Pictures are to be dropped from the copy. Retype the listing exactly.

> **Given data**
---------------
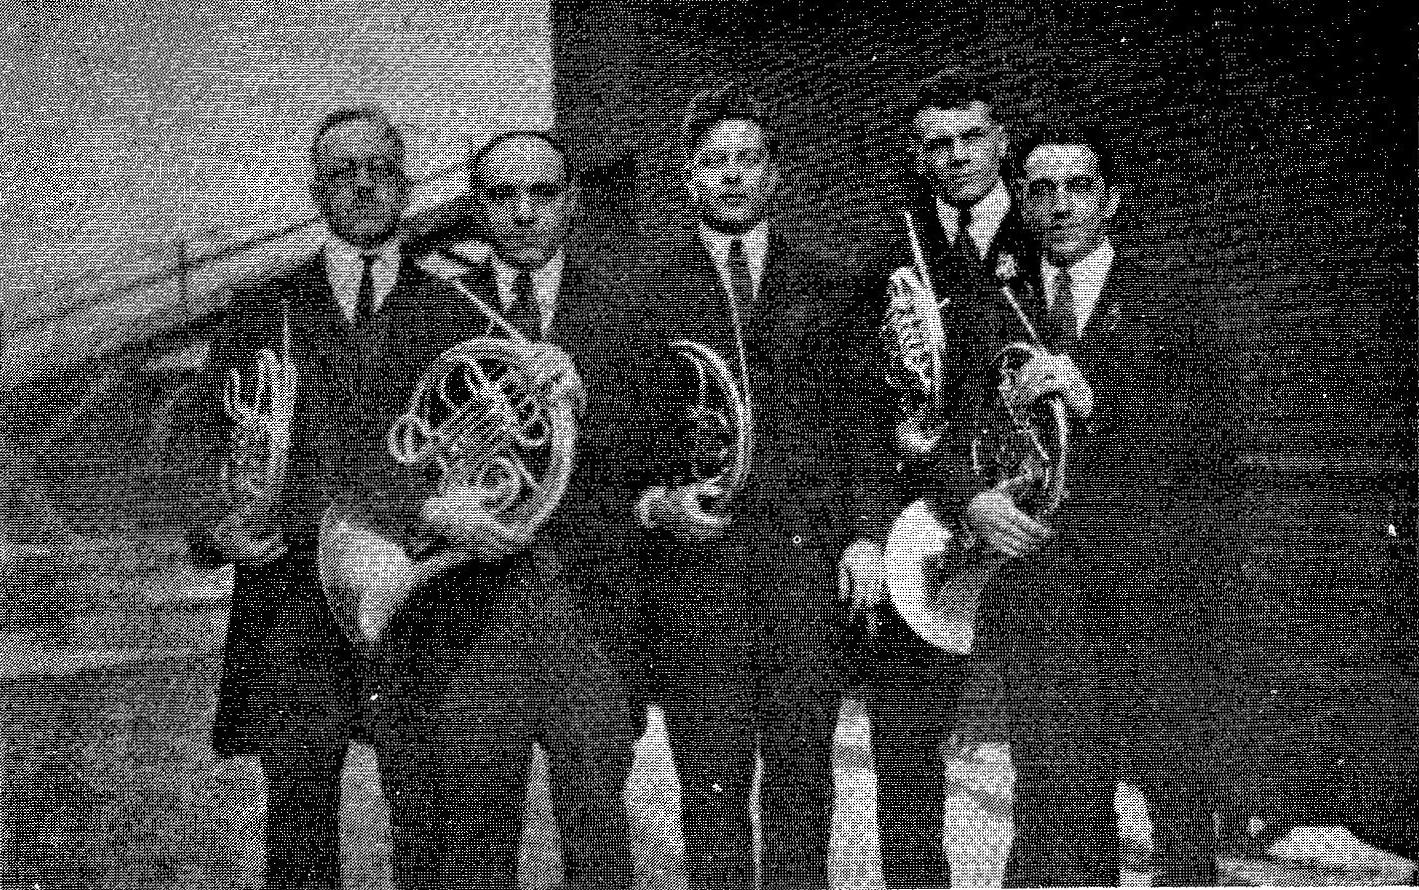 Cleveland Orchestra Horns, 1921-22 L. to R. Alphonse J. Pelletier, Emilio Stango, Robert H. Brown, Wendell Hoss, Frank de Polis.
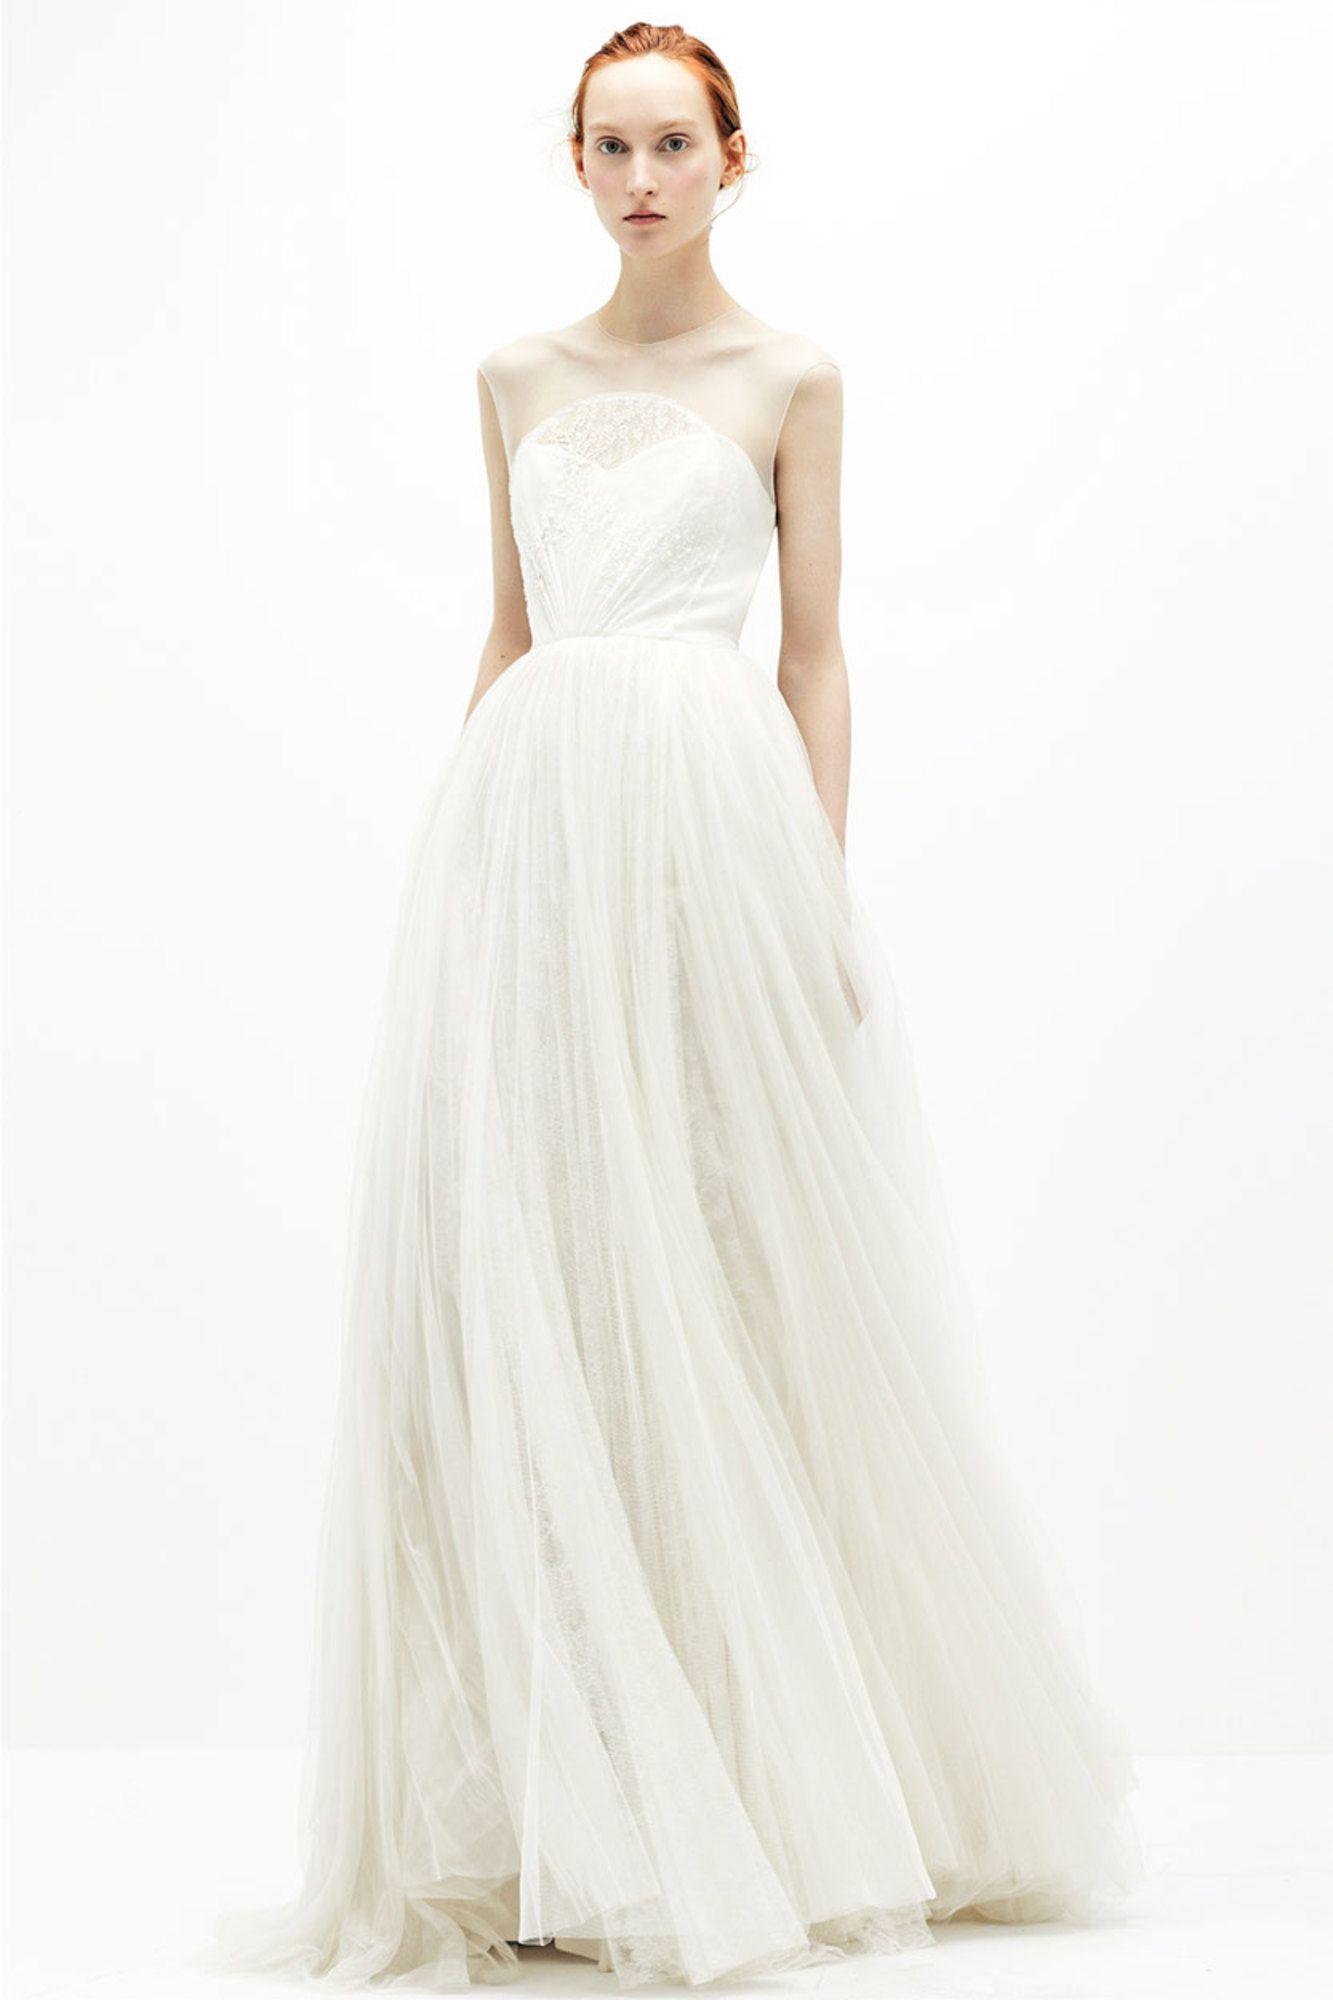 Delpozo bridal capsule collection designers collections
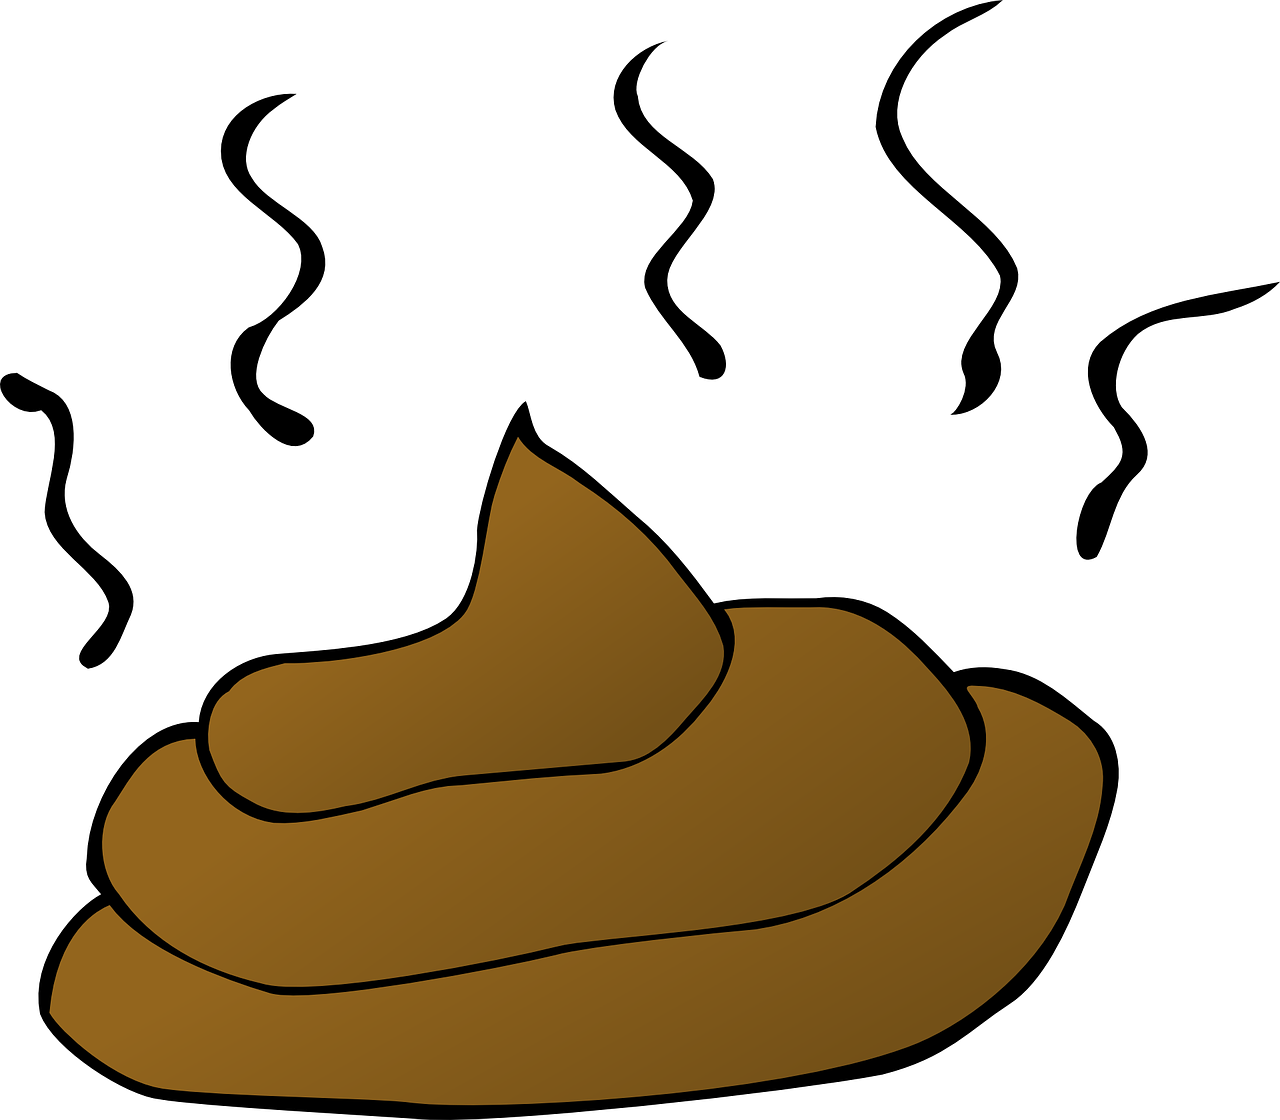 No Poop Clipart.
---------------
> **Exercise response**
 Cleveland Orchestra Horns, 1921-22 L. to R. Alphonse J. Pelletier, Emilio Stango, Robert H. Brown, Wendell Hoss, Frank de Polis.
 Delpozo bridal capsule collection designers collections
 No Poop Clipart.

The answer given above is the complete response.